As you have the userspace code, it should be easier for you to test this
on an older kernel. I don't have your userspace code...

> From my perspective, as a kernel user rather than a kernel developer,
> a system call that silently fails for certain files and that provides
> no way to determine either 1) ahead of time that the system call will
> fail, or 2) after the call that the system call did fail, is a useless
> system call.

Great, then don't use copy_file_range() yet as it seems like it fits
that category at the moment :)

> I can never use that system call, because I don't know
> whether or not it will work. So as a kernel user I would say that you
> should fix the system call to report failure, or document some way to
> know whether the system call will fail, or you should remove the
> system call. But I'm not a kernel developer, I don't have all the
> information, and it's obviously your call.

That's up to the authors of that syscall, I don't know what they
intended this to be used for. It feels like you are using this in a
very generic "all file i/o works for this" way, while that is not what
the authors of the syscall intended it for, as is evident by the
failures that older kernels would report for you.
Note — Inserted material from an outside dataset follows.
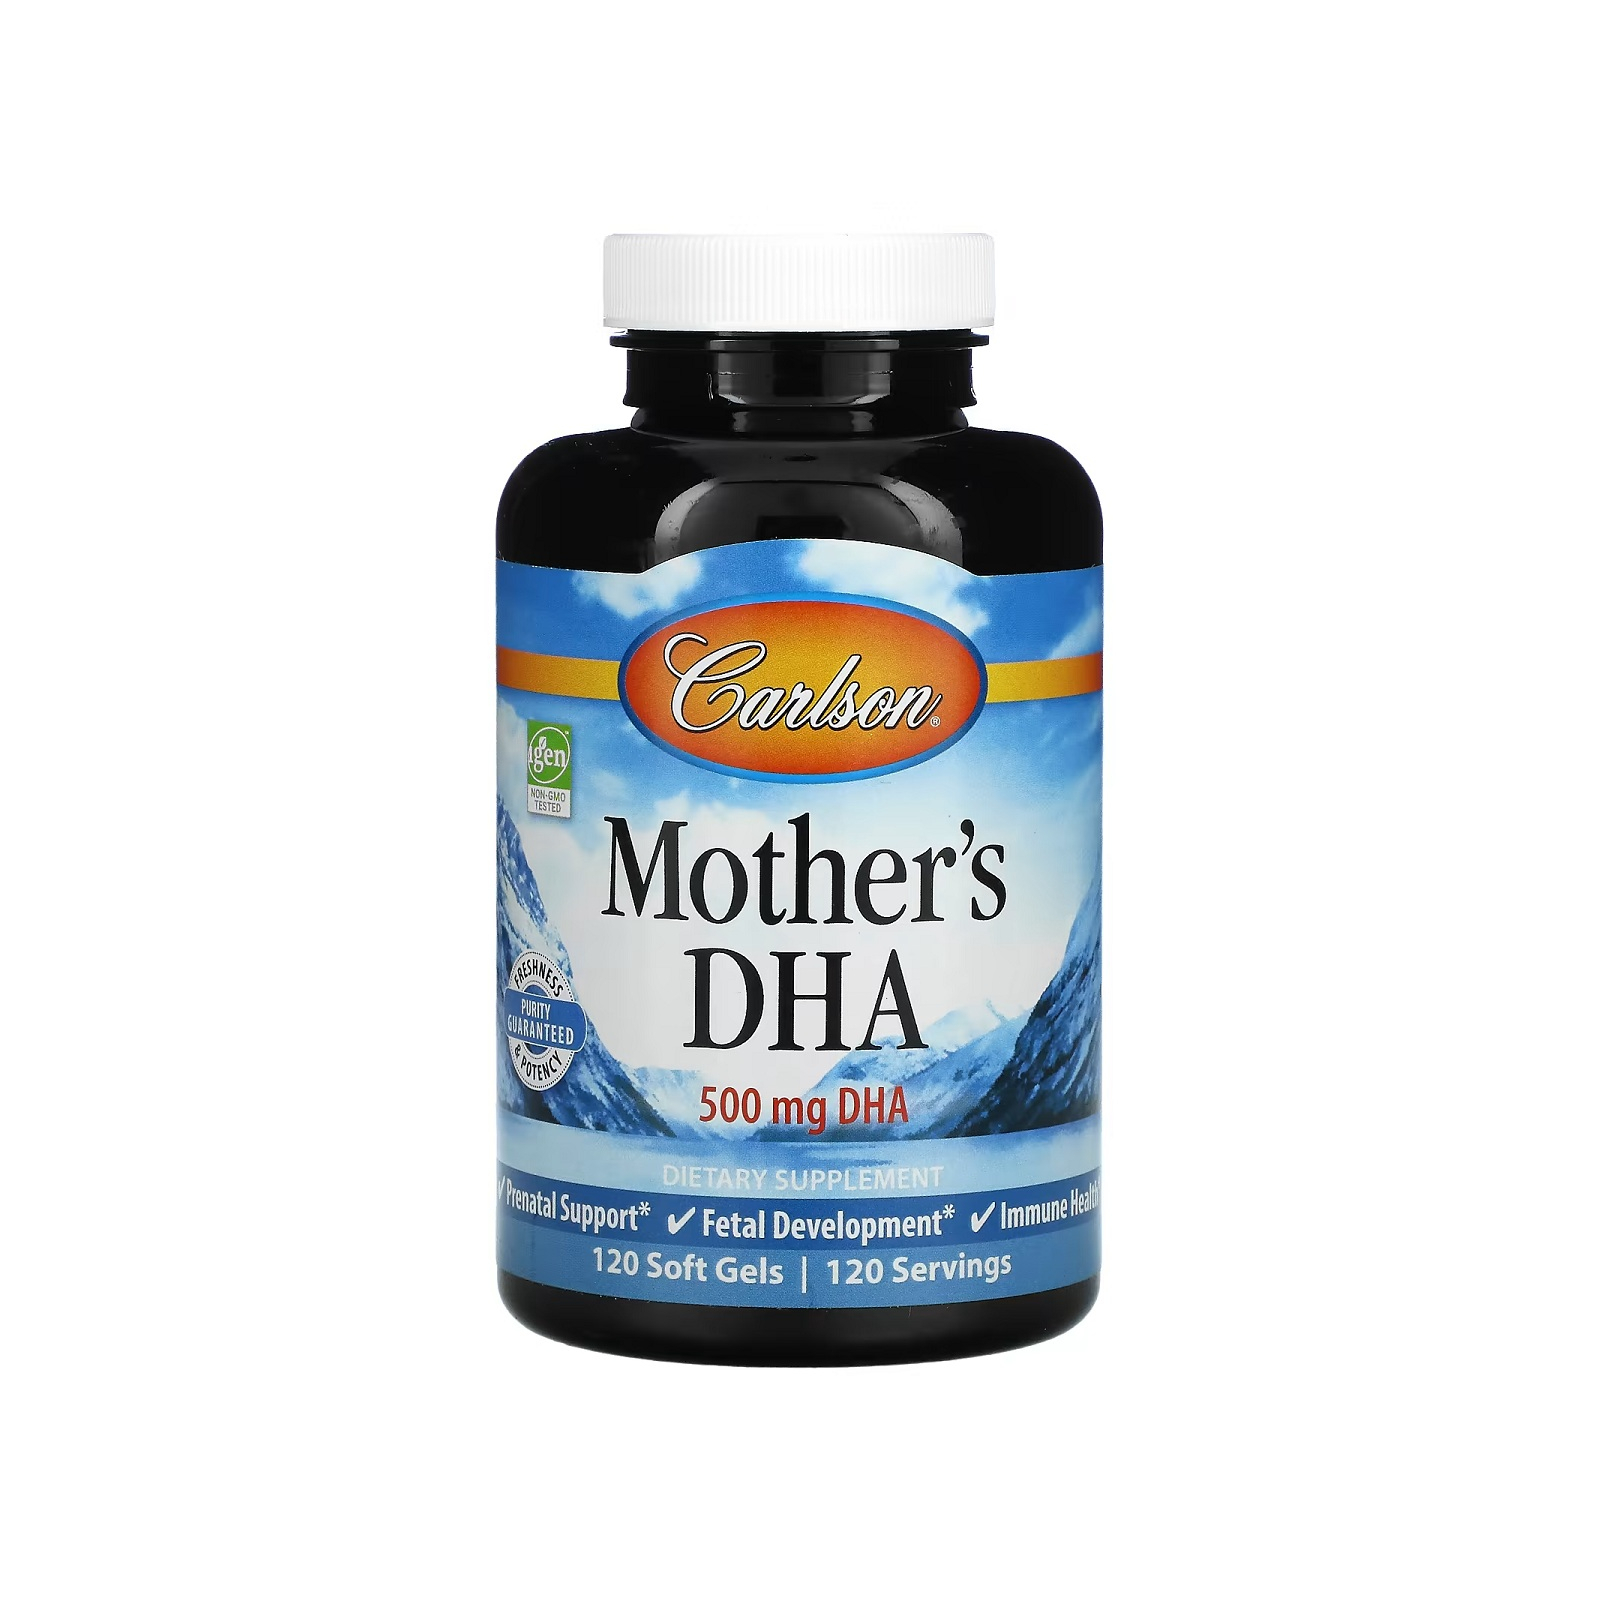 Жирні кислоти Carlson DHA для вагітних і матерів-годувальниць, 500 мг, Mother's DH (CAR-01561)

> I'll note that to the best of my knowledge this failure started
> happening with the 5.3 kernel, as before 5.3 the problematic calls
> would report a failure (EXDEV). Since 5.3 isn't all that old I
> personally wouldn't say that the kernel "has always worked this way."
> But I may be mistaken about this.

Testing would be good, as regressions are more serious than "it would be
nice if it would work like this instead!" type of issues.

thanks,

greg k-h